This week, our team officially kicked off Project BEATNET with a meeting attended by Aventusoft’s liaisons, Dr. Keider Hoyos and Dr. Diego Pava, along with our faculty advisor, Prof. Kejun Huang. The meeting established the foundation for our collaboration by clearly defining the project’s objectives and expectations. Aventusoft highlighted three key focus areas for our work: landmark detection, disease state classification, and system deployment. Our task is to develop AI models that can accurately identify PQRS-T waveforms in both normal and abnormal ECG signals, as well as classify various conditions, including arrhythmias, conduction abnormalities, pacemaker types, and signs of electrolyte imbalance. A distinctive feature of the project is to create both comprehensive models for cloud-based inference and streamlined models optimized for mobile device performance.
At the beginning of the meeting, the liaisons highlighted the importance of data. Ultimately, we will receive single-lead, 30-second ECG recordings in periodic batches, provided in MATLAB or NumPy formats, along with limited demographic details. Meanwhile, our team is expected to actively search for and use publicly available datasets, such as those from PhysioNet and MIT-BIH, to start initial model development while Aventusoft finalizes data sharing agreements. We are fully responsible for cleaning and preprocessing all the data.

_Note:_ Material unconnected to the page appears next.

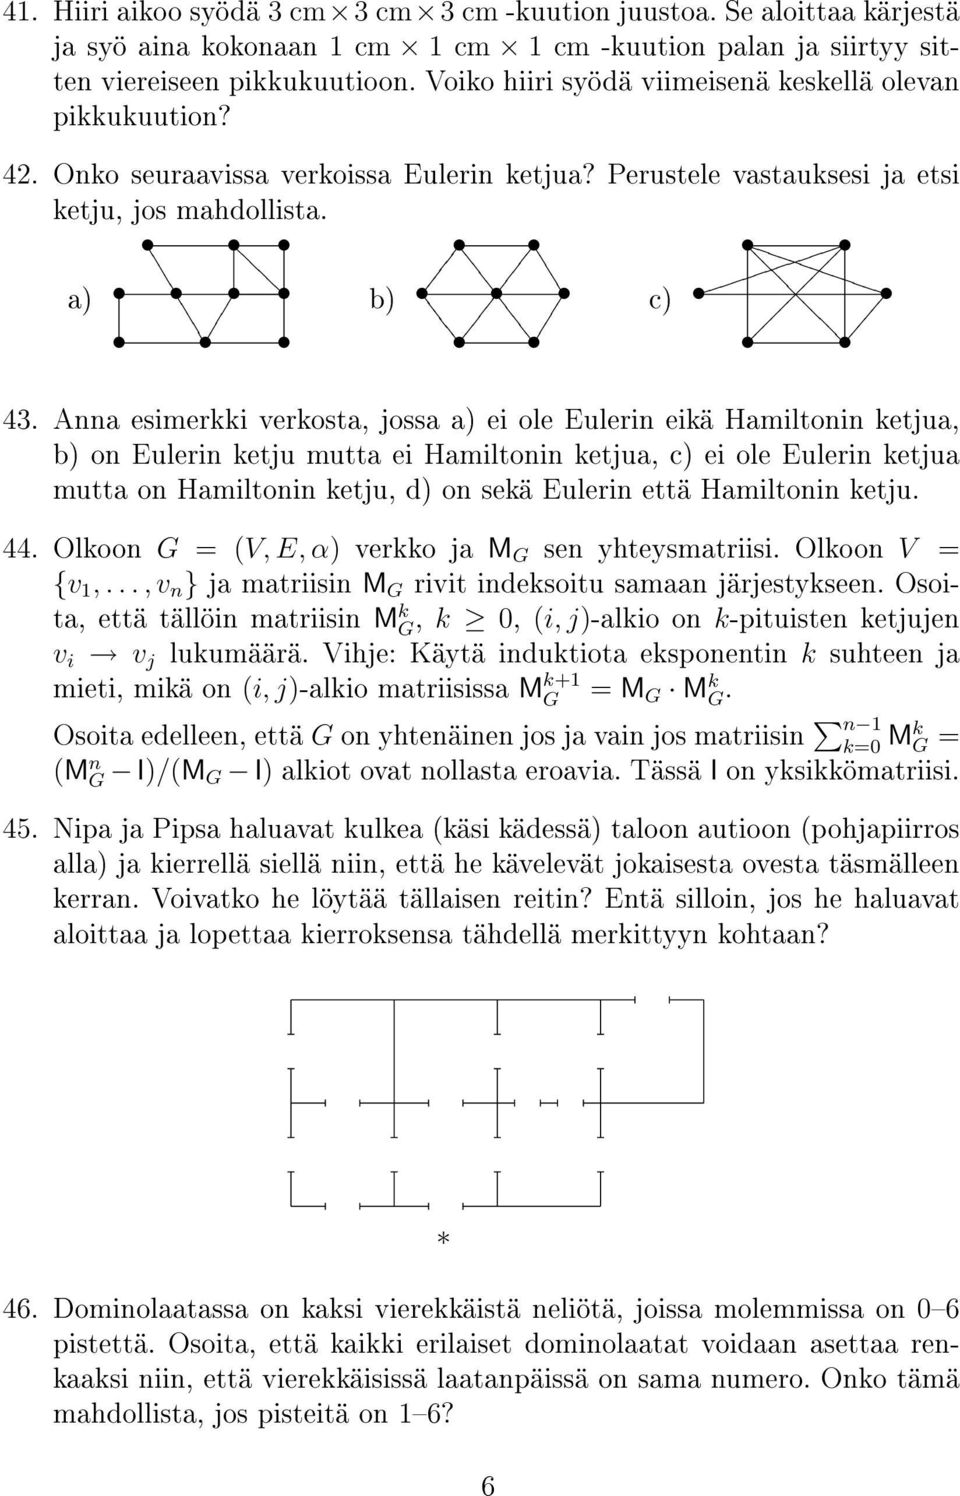 Anna esimerkki verkosta, jossa a) ei ole Eulerin eikä Hamiltonin ketjua, b) on Eulerin ketju mutta ei Hamiltonin ketjua, c) ei ole Eulerin ketjua mutta on Hamiltonin ketju, d) on sekä Eulerin että

From a technical standpoint, Aventusoft instructed us to use Python as our main programming language and PyTorch for all deep learning tasks, explicitly advising against TensorFlow due to previous compatibility issues. Our approach will begin with an extensive review of the latest research on single-lead, short-duration ECG analysis, adapting and fine-tuning existing models to fit the specific requirements of our project. We are also encouraged to apply semi-supervised learning methods to utilize unlabeled data for improved results.
A particularly important topic discussed was documentation. Aventusoft requires FDA-style documentation from all team members, including specifications of requirements, descriptions of system and algorithm designs, risk assessments, and verification and validation procedures. They emphasized that the quality of documentation is just as critical as the quality of the code for the project’s success and regulatory compliance.
Looking ahead, the immediate priorities for the upcoming week are to identify and evaluate suitable public ECG datasets, start an in-depth literature review of methodologies relevant to our project, brainstorm and document preprocessing strategies, and thoughtfully assign sub-tasks among team members. With clear direction from our liaisons and defined next steps, our team is excited to move from the planning phase into concrete research and development. We look forward to sharing our progress in the coming weeks!